At any rate, the method used by Archimedes differs from earlier approximations in a fundamental way. Earlier schemes for approximating pi simply gave an approximate value, usually based on comparing the area or perimeter of a certain polygon with that of a circle. Archimedes' method is new in that it is an iterative process, whereby one can get as accurate an approximation as desired by repeating the process, using the previous estimate of pi to obtain a new one. This is a new feature of Greek mathematics, although it has an ancient tradition among the Chinese in their methods for approximating square roots.

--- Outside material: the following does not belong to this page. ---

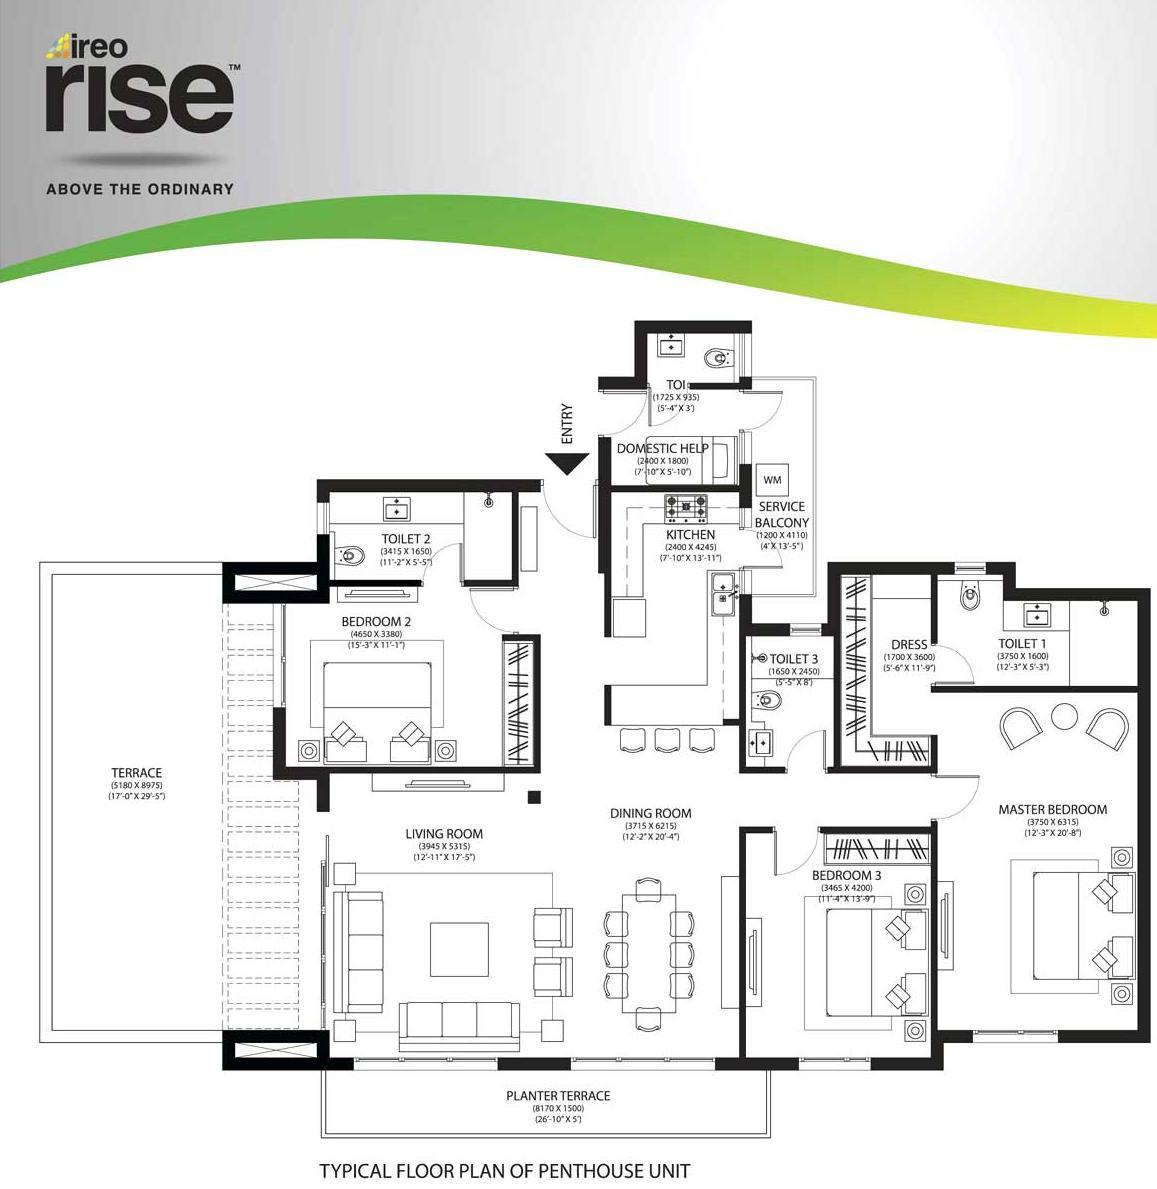 ireo penthouse

Archimedes' method, as he did it originally, skips over a lot of computational steps, and is not fully explained, so authors of history of math books have often presented slight variations on his method to make it easier to follow. Here we will try to stick to the original as much as possible, following essentially Heath's translation³.

The Approximation of Pi

The method of Archimedes involves approximating pi by the perimeters of polygons inscribed and circumscribed about a given circle. Rather than trying to measure the polygons one at a time, Archimedes uses a theorem of Euclid to develop a numerical procedure for calculating the perimeter of a circumscribing polygon of 2n sides, once the perimeter of the polygon of n sides is known. Then, beginning with a circumscribing hexagon, he uses his formula to calculate the perimeters of circumscribing polygons of 12, 24, 48, and finally 96 sides. He then repeats the process using inscribing polygons (after developing the corresponding formula). The truly unique aspect of Archimedes' procedure is that he has eliminated the geometry and reduced it to a completely arithmetical procedure, something that probably would have horrified Plato but was actually common practice in Eastern cultures, particularly among the Chinese scholars.

The Key Theorem

The key result used by Archimedes is Proposition 3 of Book VI of Euclid's Elements. The full statement of the theorem is as follows:

If an angle of a triangle be bisected and the straight line cutting the angle cut the base also, the segments of the base will have the same ratio as the remaining sides of the triangle; and, if the segments of the base have the same ratio as the remaining sides of the triangle, the straight line joined from the vertex to the point of section will bisect the angle of the triangle.⁴

We will just prove one direction of this theorem here, namely that the angle bisector cuts the opposite side in the ratio claimed. More precisely, in the diagram shown, if AD bisects angle BAC, then BD : CD = BA : AC.

Animated GIF Proof of
Theorem (99K)

QuickTime Video Proof of Theorem (243K)

Our proof differs from the original somewhat: the proof (and diagram) given here makes it more clear how Archimedes will use the theorem in his approximation scheme. For Euclid's original, complete proof, along with a very neat interactive diagram, see David Joyce's Elements Web site.

Archimedes' Method

Here we outline the method used by Archimedes to approximate pi. The specific statement of Archimedes is Proposition 3 of his treatise Measurement of a Circle:

The ratio of the circumference of any circle to its diameter is less than 3¹/₇ but greater than 3¹⁰/₇₁.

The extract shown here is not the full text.